Every time the industry tried to set her out to pasture, Davis flatly refused to comply. In 1950, after being labelled a has-been, she starred in All About Eve, one of the greatest films ever made, featuring her greatest performance. More than a decade later, just when she had been relegated to the dustbin yet again, she pivoted to low-budget horror movies, earning an Oscar nomination for her role in What Ever Happened to Baby Jane?.

Towards the end of her life, Davis continued to refuse retirement, which, unfortunately, led to her worst and final film. 1989’s Wicked Stepmother is a comedy-horror movie directed by Larry Cohen about a witch (Davis) who marries a hapless bachelor while his daughter and son-in-law are on vacation. She proceeds to tear his life to shreds with the help of her daughter (Barbara Carrera), who takes over her physical form.

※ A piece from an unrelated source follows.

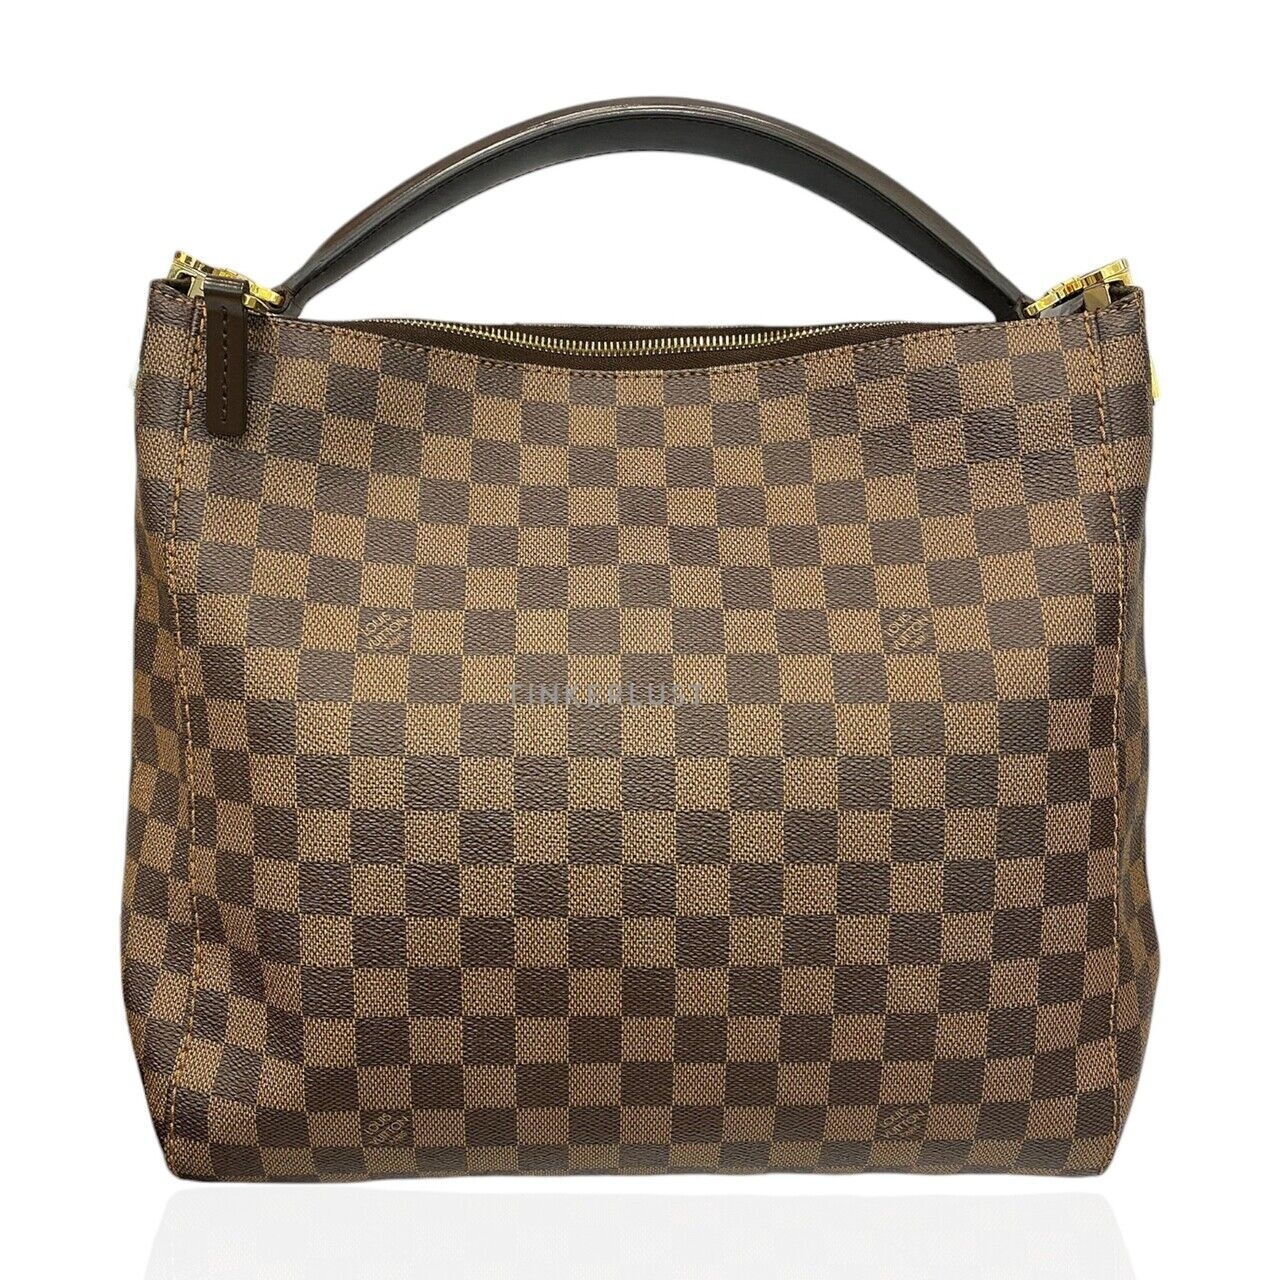 Louis Vuitton Portobello PM Damier GHW 2013 Handbag

In true Davis fashion, she managed to assert complete control over her involvement in the project, even in the worst of circumstances. Realising where the production was headed, she walked off the set and refused to come back. In the original script, there wasn’t supposed to be a daughter character, but after the Oscar winner left, there was no other option but to write a second version of the stepmother.

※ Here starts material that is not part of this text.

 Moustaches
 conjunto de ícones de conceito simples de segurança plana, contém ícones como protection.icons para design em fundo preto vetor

Cohen later claimed that Davis refused to return to set because of ill health. She had undergone a mastectomy six years before and suffered several strokes shortly thereafter, but that hadn’t kept her from making several other films between 1986 and 1989. Irritated by Cohen’s version of events, Davis went to the press.

“I would be ashamed to have people think I sanctioned something like this,” she said of the film in an interview with The Los Angeles Times. “People will be horrified at the footage of me.” She explained that it was important for the future of her career to make it known that she was in perfectly good shape to continue working. “I love my profession,” the 80-year-old said. “I would never stop. Relax? I relax when I work. It’s my life.” She died later that year.

While it is unfortunate that Davis’s final film was such a terrible one, there is something powerful and even a little inspiring about the fact that, even in the worst of circumstances, she managed to do the work on her own terms, even if that meant walking away.